Friday, November 7, 2014

Window on Eurasia: Will Putin Ever Focus on Russia rather than on the West? Russians Outside of Moscow Ask


Paul Goble

 

            Staunton, November 7 – Just as people in other countries have criticized their leaders for focusing too much on foreign policy rather than domestic affairs, so too now Russians, especially those living beyond the ring road, are beginning to ask whether their country’s leadership will ever pay more attention to their problems than to the United States and the EU.

 

            That attitude, one that has been picked up in a Levada Center poll which found that one Russian in two is convinced that “the head of the Russian state must concentrate on domestic problems,” is beginning to undercut earlier Russian backing for the Crimean Anschluss and Putin’s continuing aggression in Ukraine (echo.msk.ru/news/1432232-echo.html).

 

            And it has surfaced, the center’s sociologists say, in large measure because Putin has defined what he is doing in Ukraine as being in the first instance about defending ethnic Russians. Now, many Russians in Russia and perhaps especially those beyond the ring road are saying it is high time for him to defend Russians at home as well.

 

            This week, Moscow’s “Argumenty i fakty” publishes a letter from an elderly teacher in Nizhny Novgorod who says that she and her neighbors are not all that interested in what the Moscow media are showing them about issues like the choice between Europe and Asia or whether Russia will survive Putin (aif.ru/society/opinion/1374078).

 

            Instead, she writes, she and others like her are interested above all in something else: “when will the authorities stop thinking about America and remember about Russians?”

 

            She says she barely has enough money to pay for her apartment and food, and making ends meet is thus her first concern. “Not the European choice interests me,” the teacher says, but whether I’ll be able to go down the stairs without breaking my leg.
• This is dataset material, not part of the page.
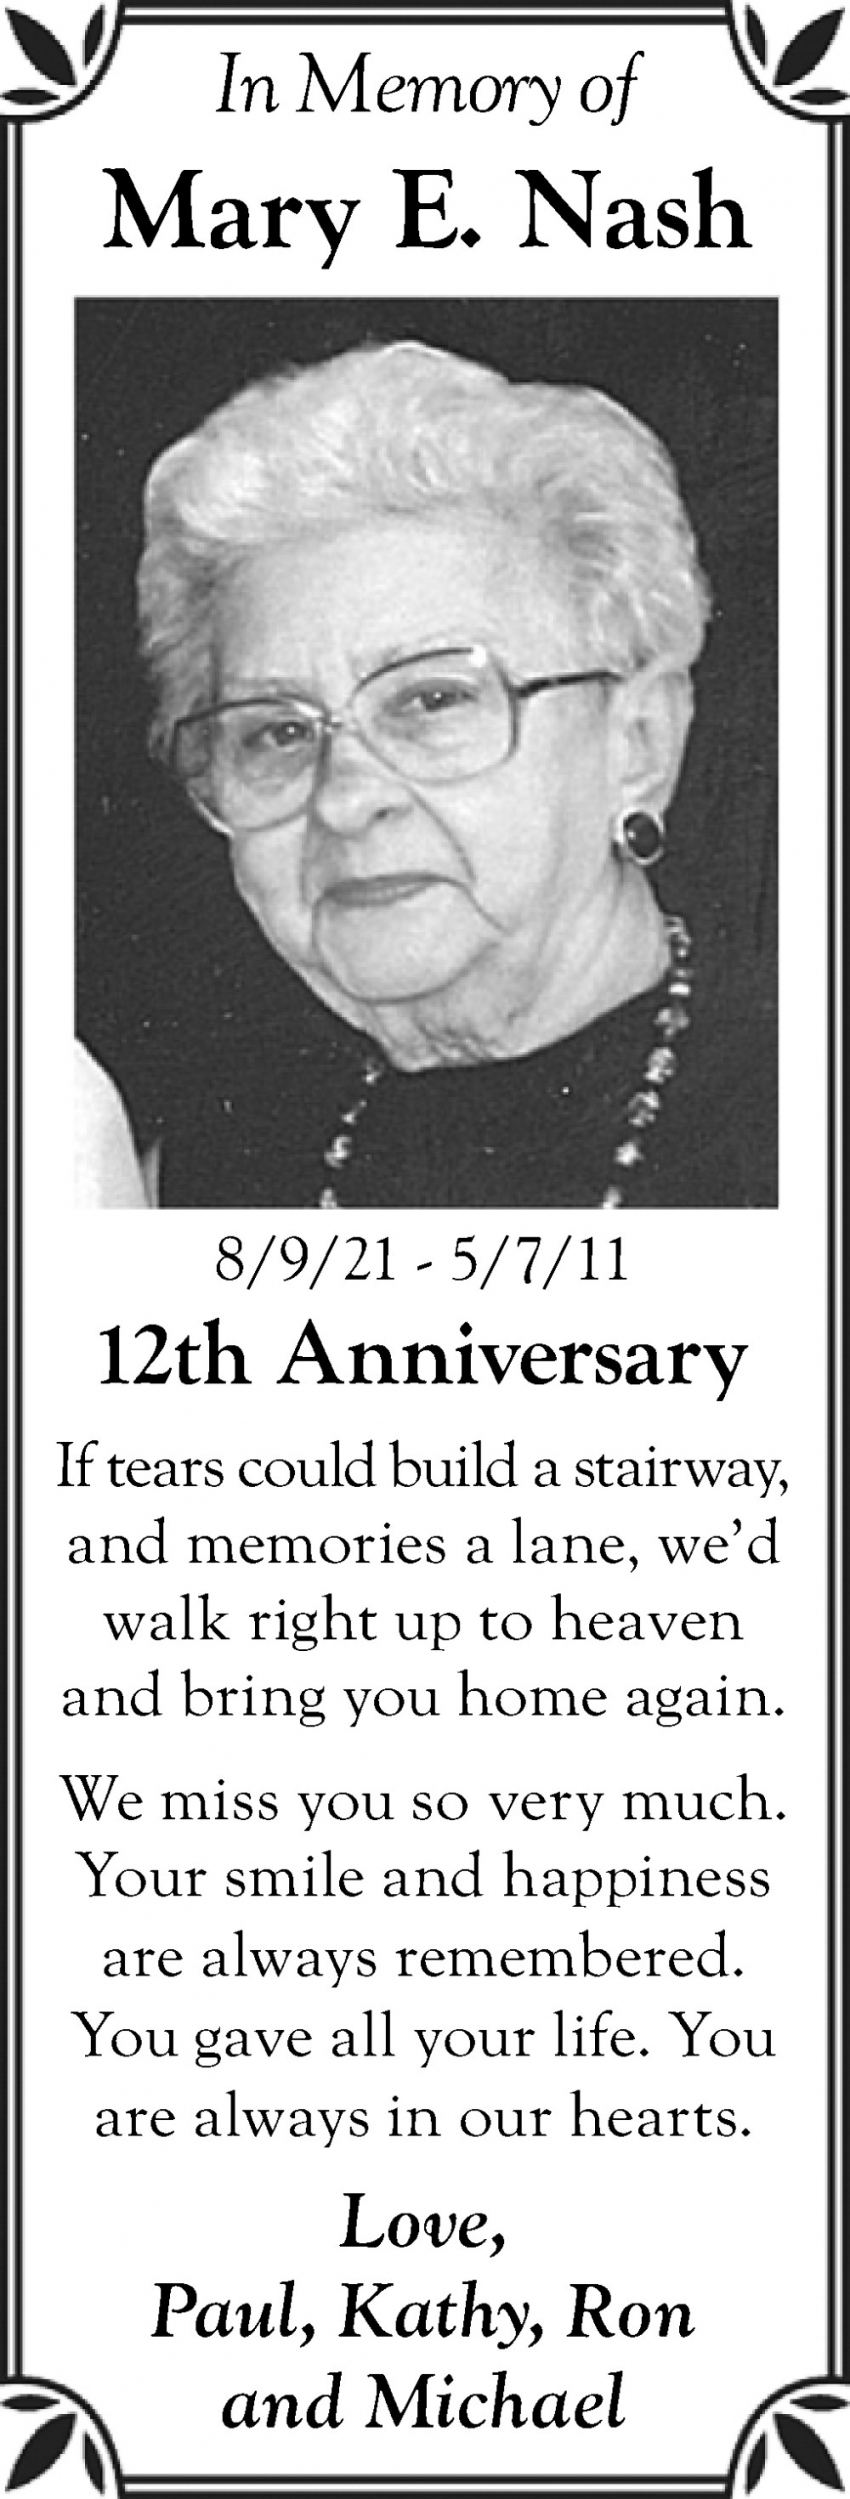 In Memory of Mary E. Nash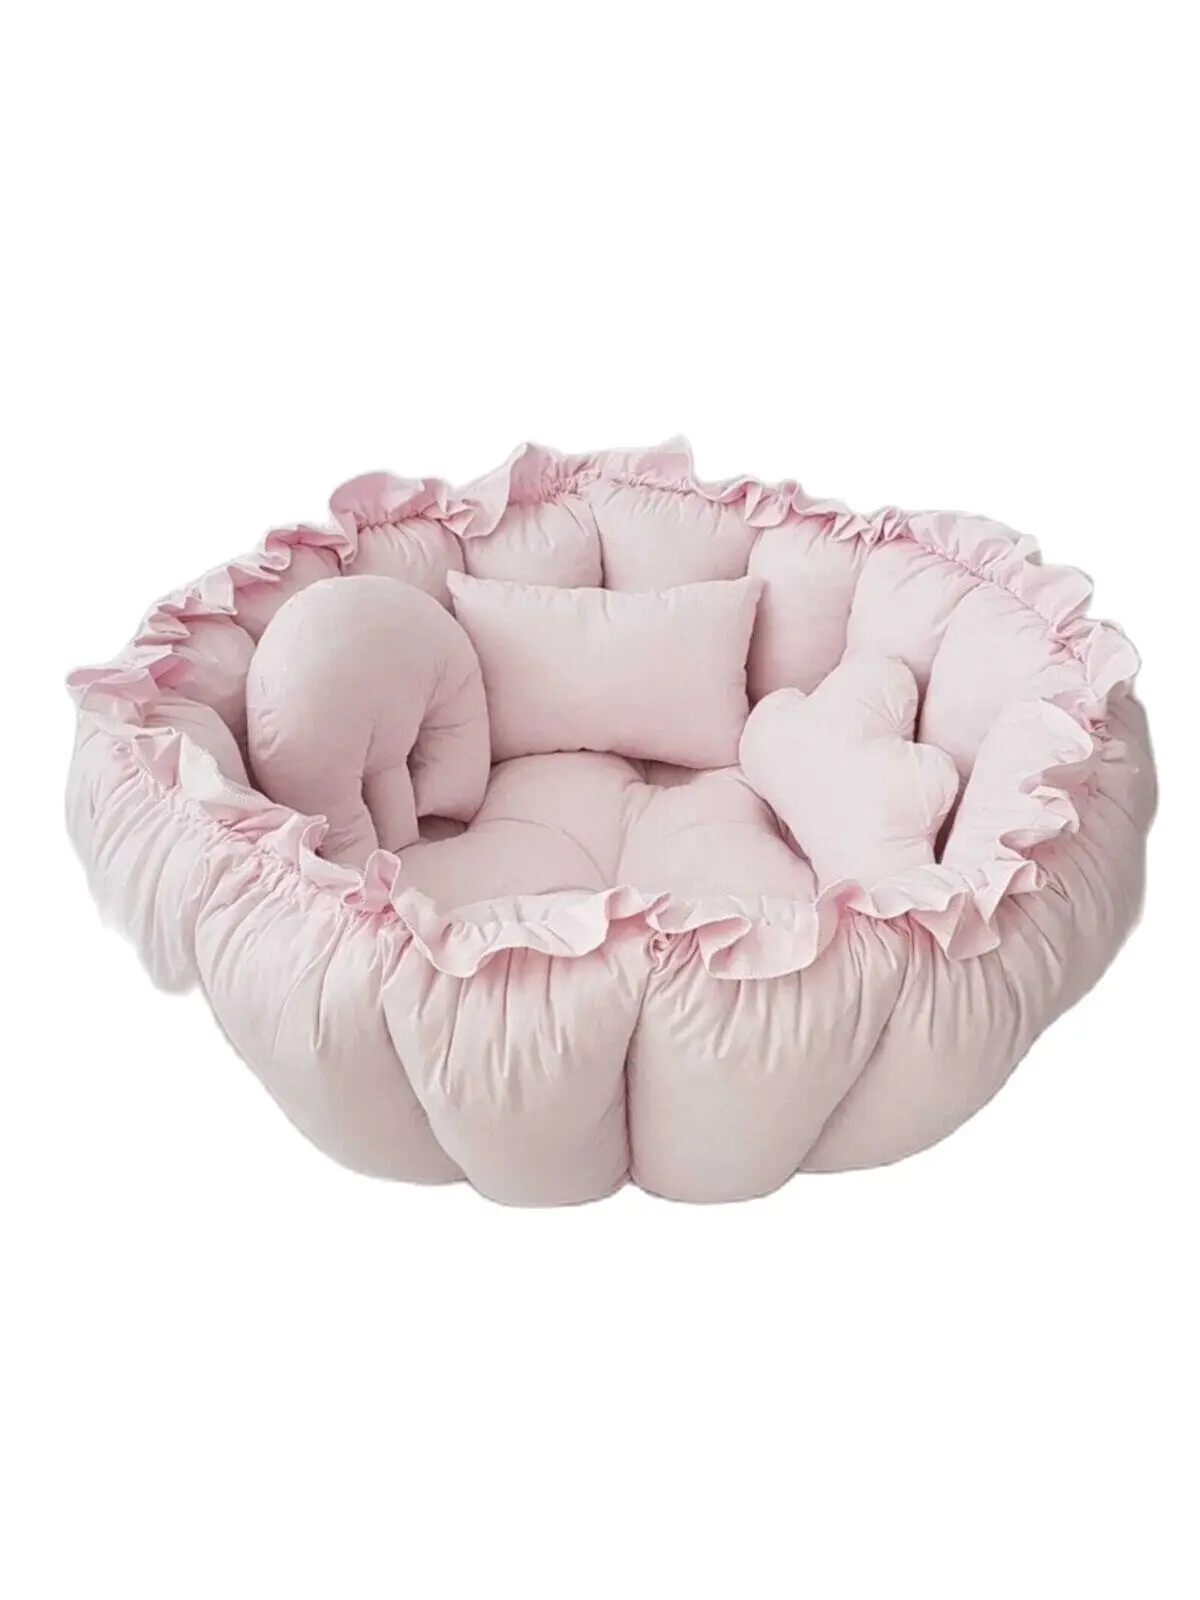 

Retractable Sleep Game Cushion Cotton Cloth Anti-Allergic 3 PCs Pillow Set 0-4 Age Washable Stylish Design

There haven’t been any repairs at our bloc in more than 40 years, and all the stair steps are broken.”

 

            The Nizhny Novgorod teacher doesn’t express anger and she makes only the slightest criticism of the powers that be. Thus, she says that Russian television has created the impression that “all life revolves around Moscow and the Kremlin,” forgetting that “there is another Russia,” one that seldom gets any coverage.

 

            In presenting her letter, the weekly’s Vyacheslav Kostikov says that such criticism is entirely just. Neither Russian media nor Russian sociologists now devote much attention to the provinces. “Everything revolves around big politics and Putin’s speeches.” And everything on the media is upbeat even if reality is not.

 

            But “millions of Russians living in five-storey Khrushchev-era slums, darkened huts, and decaying barracks aren’t agitated very much by the question of how many Lenin monuments have been destroyed in Ukraine or how low has fallen the rating of President Obama.” Instead, they are affected and upset by rising prices and their declining standard of living.

 

            The journalist said that in his opinion, such people are “very surprised when they are shown on television polls about their happiness,” which suggest that everything is getting better and everyone is happier. “Can it be,” he asks, that Russians have some special relationship to their own fate,” that they have all become philosophers or holy elders?”

 

             Ordinary Russians are in fact able to put up with a lot, Kostikov continues. Those doing most of the complaining now are the bureaucrats and the better off, who are losing some of their accustomed privileges. Many of them are complaining and some are even leaving the country in the search for a better life.

 

            Russians in the provinces are not like them, but their polite request that the Kremlin start paying attention to Russians in Russia and not just Russians in other countries may ultimately prove decisive because, the experiences of other countries and leaders suggest, such feelings while they can be ignored for a long time cannot be ignored forever.